2. Materials and Methods
The benzil-(1,2-diphenylethane-1,2-dione) compound under investigation was purchased from a Sigma-Aldrich Chemical Company, USA, with a stated purity of 99% and used without further purification. Water is used as the solvent, and the dissolved solution is kept at room temperature for evaporation to get transparent crystals of benzil. The obtained benzil crystals are then subjected to single-crystal XRD. In the present investigation, DFT calculations were performed with a hybrid functional B3LYP at 6-311++G(d,p) basis set using Gaussian 09 program [29]. The structure is optimized with minimum energy. The harmonic frequencies, infrared, and Raman intensities were calculated by the B3LYP method with an identical basis set. All the computed frequencies are scaled by 0.9665. The absence of imaginary values of wavenumbers on the calculated vibrational spectra confirms that the deduced structure corresponds to the minimum energy. The NBO and HOMO-LUMO orbital energies were investigated, and the visual interpretation of the above-mentioned properties was done by using Gauss View 3.1 program [30, 31].
3. Results and Discussion
3.1. Structural Analysis
3.1.1. Data Collection
A good crystal of dimension 0.20 × 0.20 × 0.20 mm was selected for the data collection. Intensity data were measured on Bruker SMART APEX CCD detector diffractometer [32] with graphite monochromatic MoKα radiation at room temperature. The data collection was covered over a hemisphere of reciprocal space by a combination of three sets of exposures each having a different φ angle for the crystal and exposure of the 30 s covered at 0.3° in ω. The crystal to detector distance was 4 cm, and the detector swing angle was 24°. Coverage of the unique set was 100% complete. Crystal decay was monitored by repeating 30 initial forms at the end of the data collection. The duplicate reflection was found to be negligible. The intensity data were reduced, and Lorentz and polarization corrections were applied.
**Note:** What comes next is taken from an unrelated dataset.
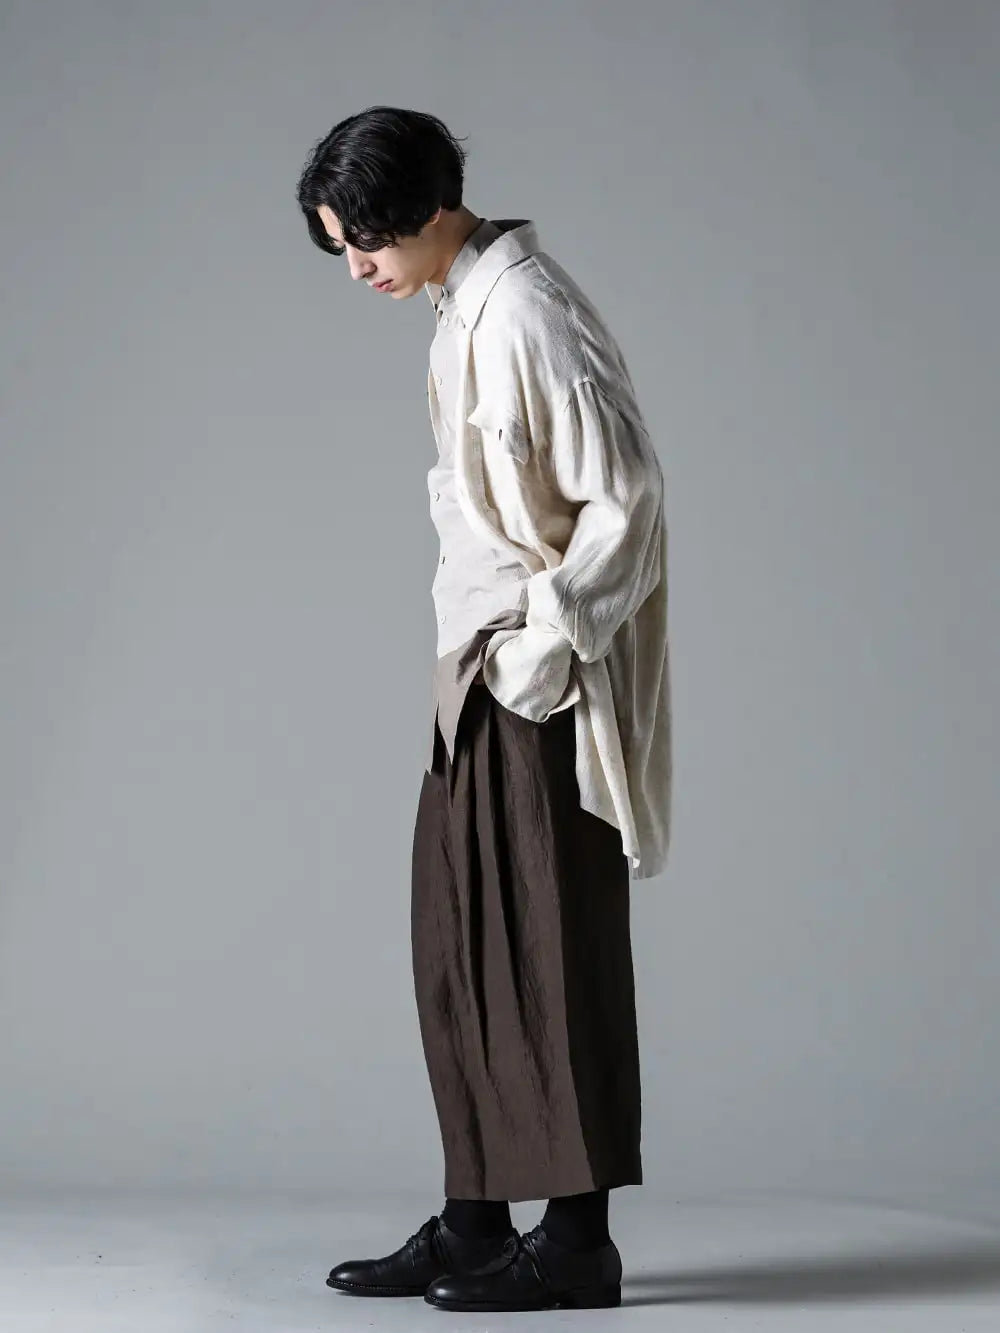 Peng Tai DEVOA ZIGGY CHEN GUIDI  24SS スタイリング - Choose items that go well with the three brands featuring distinct nuances - PTS24M06-2 Hand Dye Double Pocket Oversized Shirt SHE-CTKM Shirt Cotton 0M2410509 Plaited Extra Wide Leg Trousers Classic Derby Shoes Lace Up Single Sole - Horse Full Grain - 992X Black 1-003

3.1.2. Structure Solution and Refinement
The structure was solved by direct methods procedures using SHELXS97 [33] program. A total of 4072 reflections (E > 1.2) was available for the phase set with the lowest combined figure of merit (CFOM = 0.0845) revealing that all the 8 nonhydrogen atoms have an initial R-factor of 0.126. The trial structure was first refined isotropically. All H atoms were calculated in the difference Fourier maps. The hydrogen atoms were geometrically fixed and ride on their parent atoms. The final R-value is 0.0443. The structure was refined by full-matrix least-squares on F2.
3.1.3. Crystal Structure Analysis
The crystal data and other relevant details are given in Table S1. The atomic coordinates of the nonhydrogen atoms with their equivalent thermal displacement parameters are presented in Table S2. The anisotropic displacement parameters are listed in Table S3. The atomic coordinates and their isotropic displacement parameters involving hydrogen atoms are given in Table S4. The hydrogen bond interactions are presented in Table S5. Figure S1 and Figure S2 show the ORTEP plot and packing diagram of the chosen molecule. Single crystal X-ray diffraction analysis reveals that benzil crystallizes in a trigonal system with noncentrosymmetric space group P3121 and the calculated lattice parameters are a = 8.4095(2)Å, b = 8.4095(2)Å, c = 13.6695(4)Å, α = 90°, β = 90°, γ = 120°, and V = 837.19 (Å3). X-ray analysis confirms the molecular structure and atom connectivity for the title compound (Figure 1). The obtained values are listed in Table 1 and are very well matched with the reported structures as well as the literature values [21, 22]. The one-half molecule in the asymmetric unit is located on a twofold rotation axis. The phenyl ring adopts a planer conformation. The crystal packing of the benzil compound is through weak C1-H1···O1 intermolecular interactions and also the crystal packing of the benzil compound C3-H3···O1 hydrogen bonds link molecules to form inversion dimers, with an ring motif. The optimized structure with a global minimum is given in Figure 1. All C-H bond lengths are found to be 0.93Å, and theoretically, this value is found to be 1.084Å. All C-C bond lengths within the phenyl ring are found to be within the range 1.364-1.380Å. However, carbon in the phenyl ring attached to the C-O group has 1.474Å, and the C-C bond that connects the two C-O groups attached to phenyl ring has the highest bond distance of 1.523Å. Theoretically, this value is computed to be 1.543Å. Two C-O bond distances have a bond length of 1.214Å. The small variation between experimental and theoretical values is due to the theoretical calculations are done in the gas phase.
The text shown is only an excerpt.